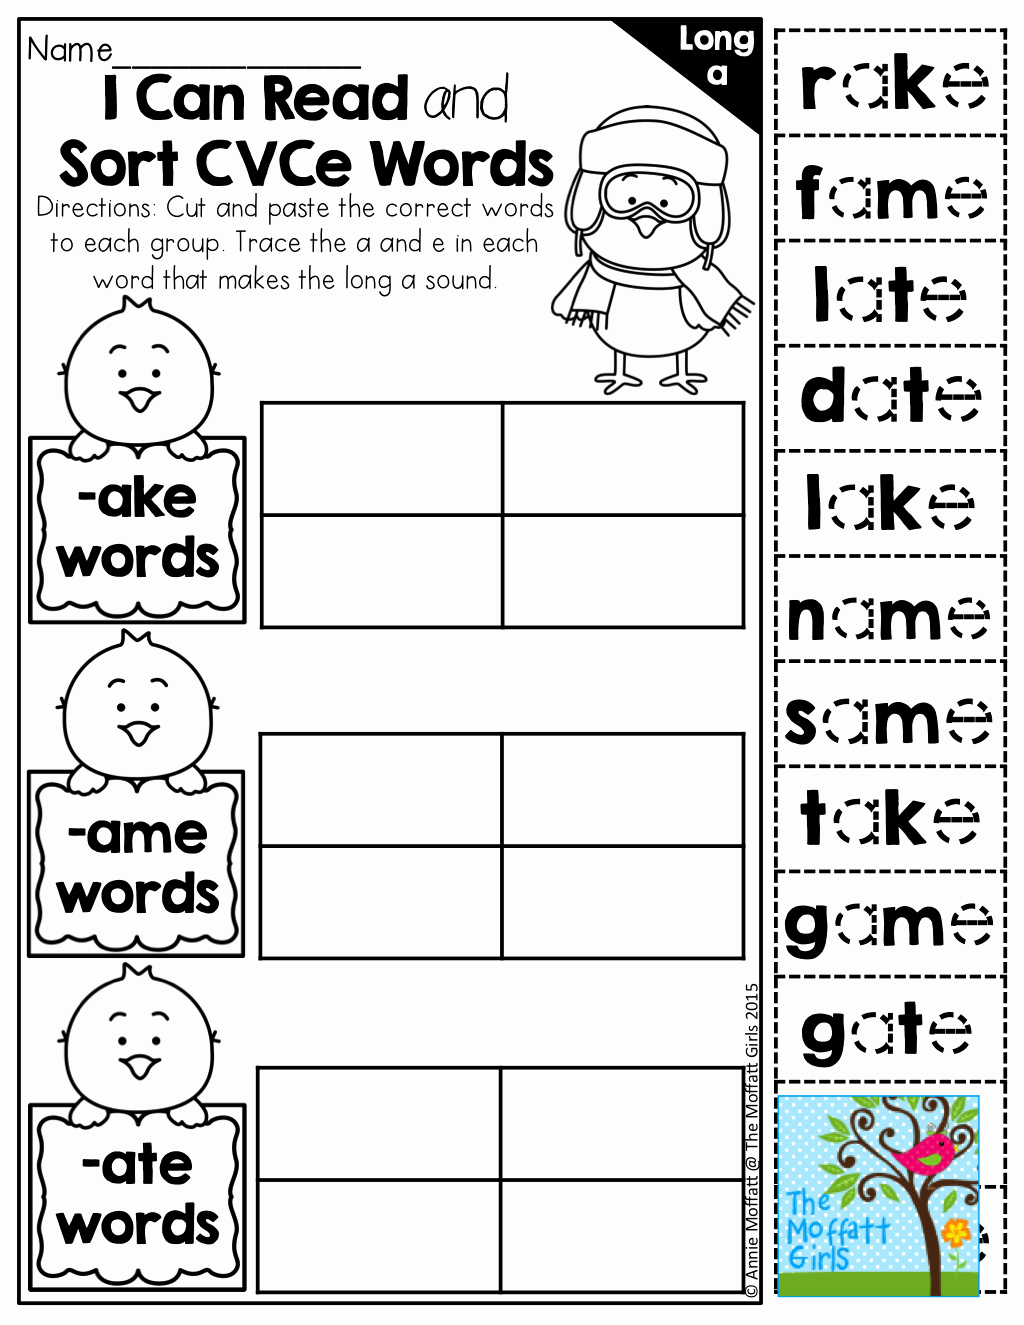 Long Vowel Silent E Worksheet Awesome April Fun Filled Learning
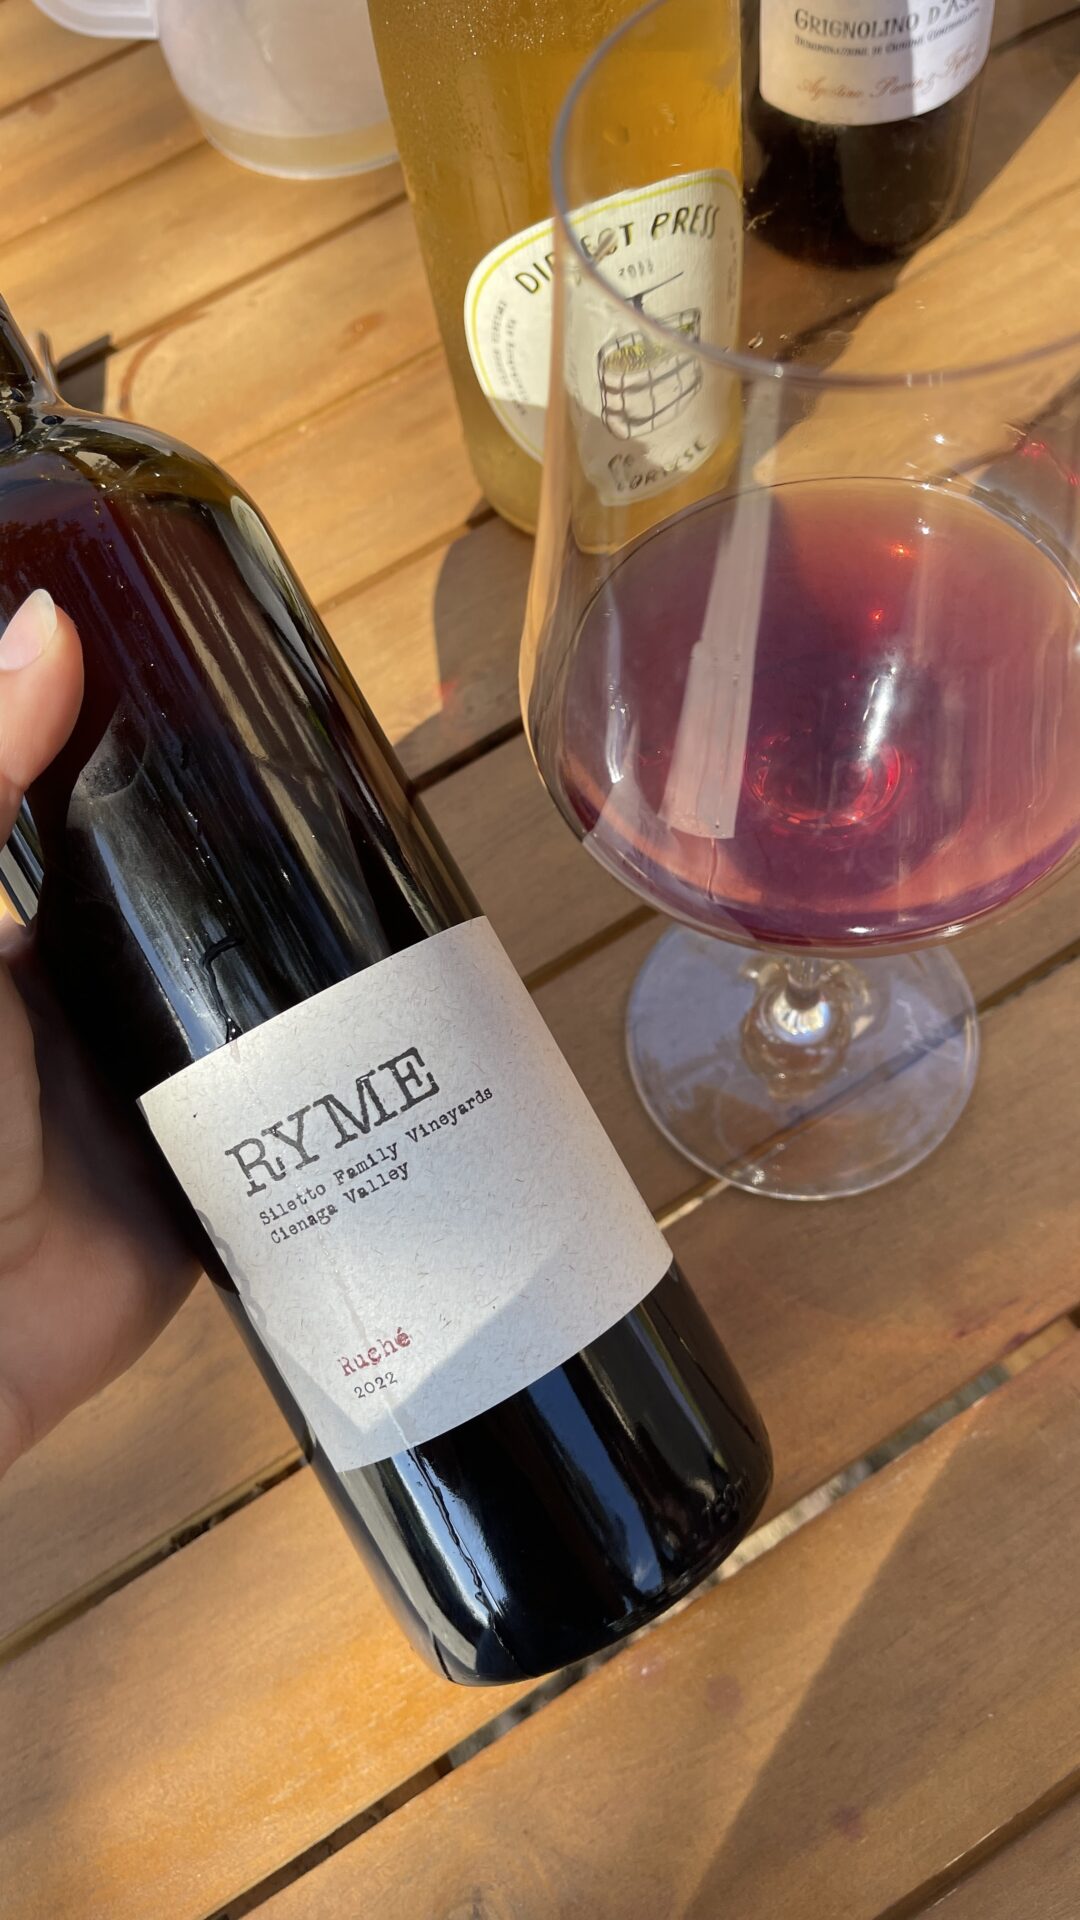 Ryme Wine bottle, from Naked Wines
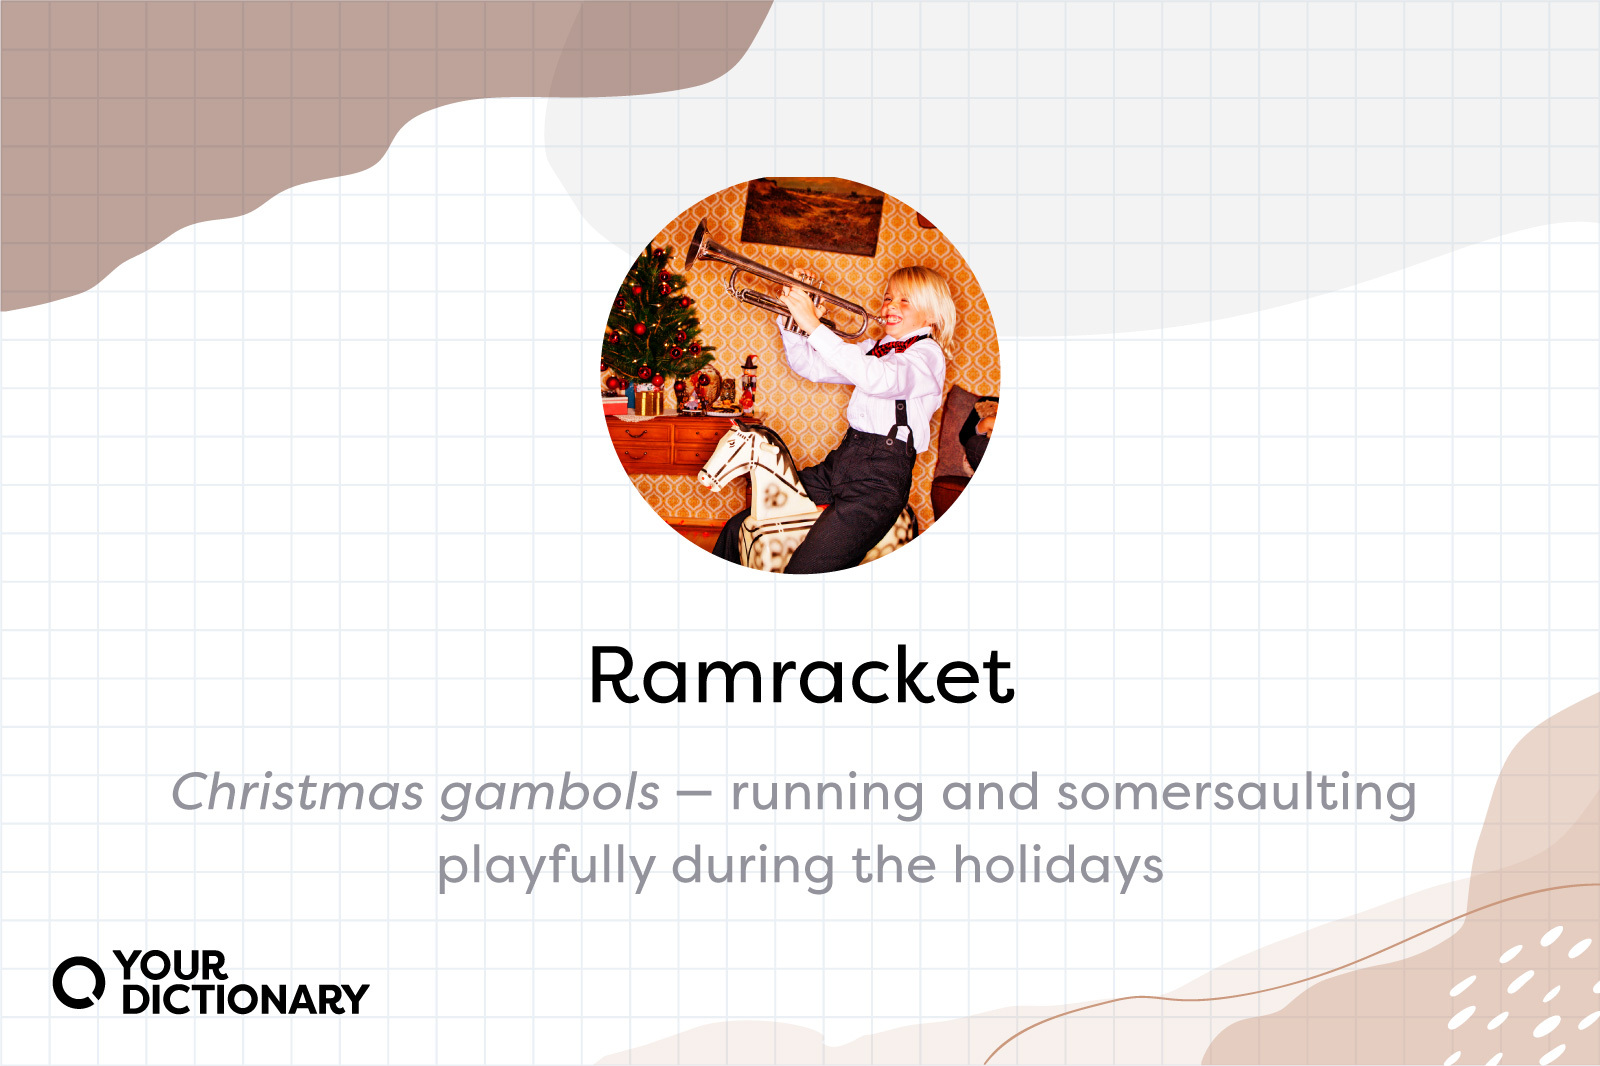 Boys with Christmas presents and Ramracket definition
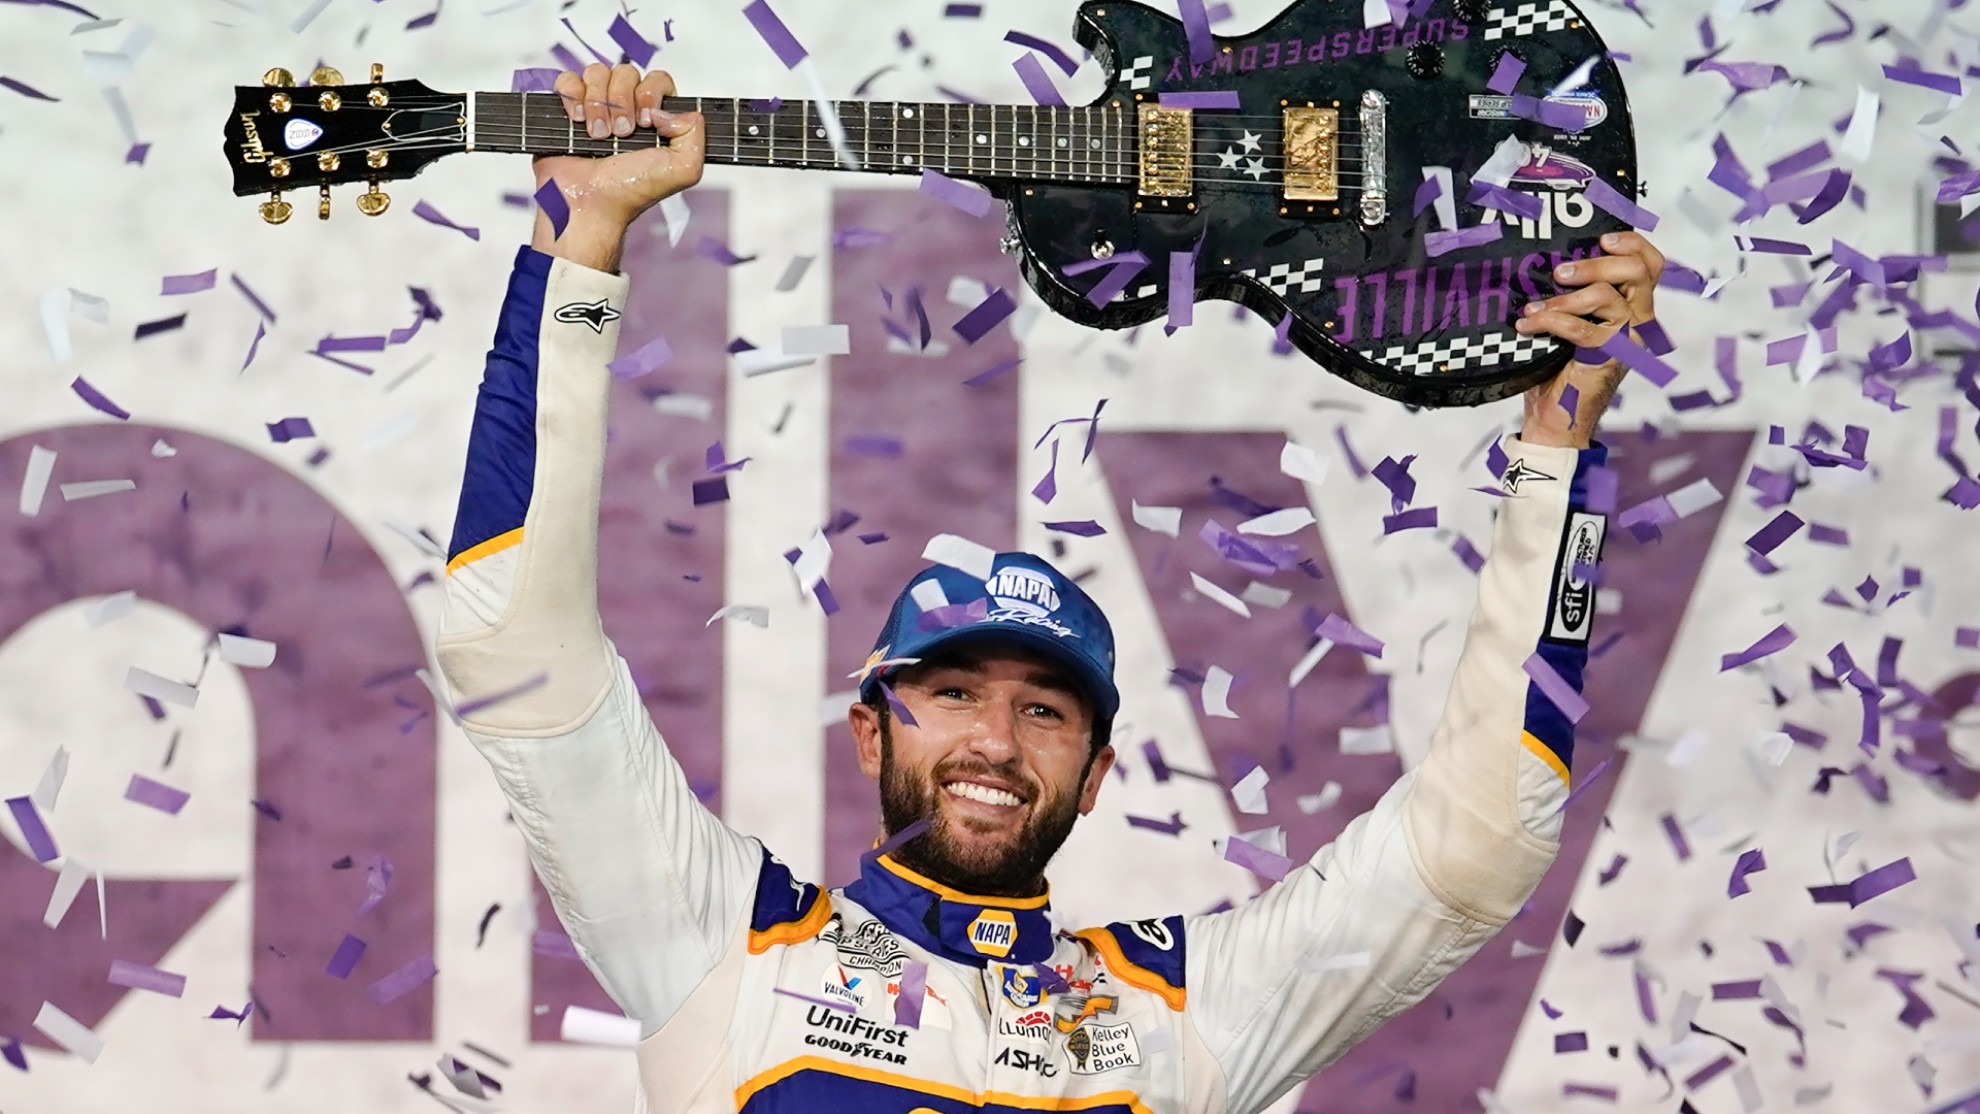 Chase Elliott holds the guitar presented to him after winning a NASCAR Cup Series auto race Sunday.

* * * *

INSTRUCTIONS FOR THE TASK>
Print the material above exactly, skipping its images.

SOLUTION TO THIS TASK>
 Long Vowel Silent E Worksheet Awesome April Fun Filled Learning
 Ryme Wine bottle, from Naked Wines
 Boys with Christmas presents and Ramracket definition
 Chase Elliott holds the guitar presented to him after winning a NASCAR Cup Series auto race Sunday.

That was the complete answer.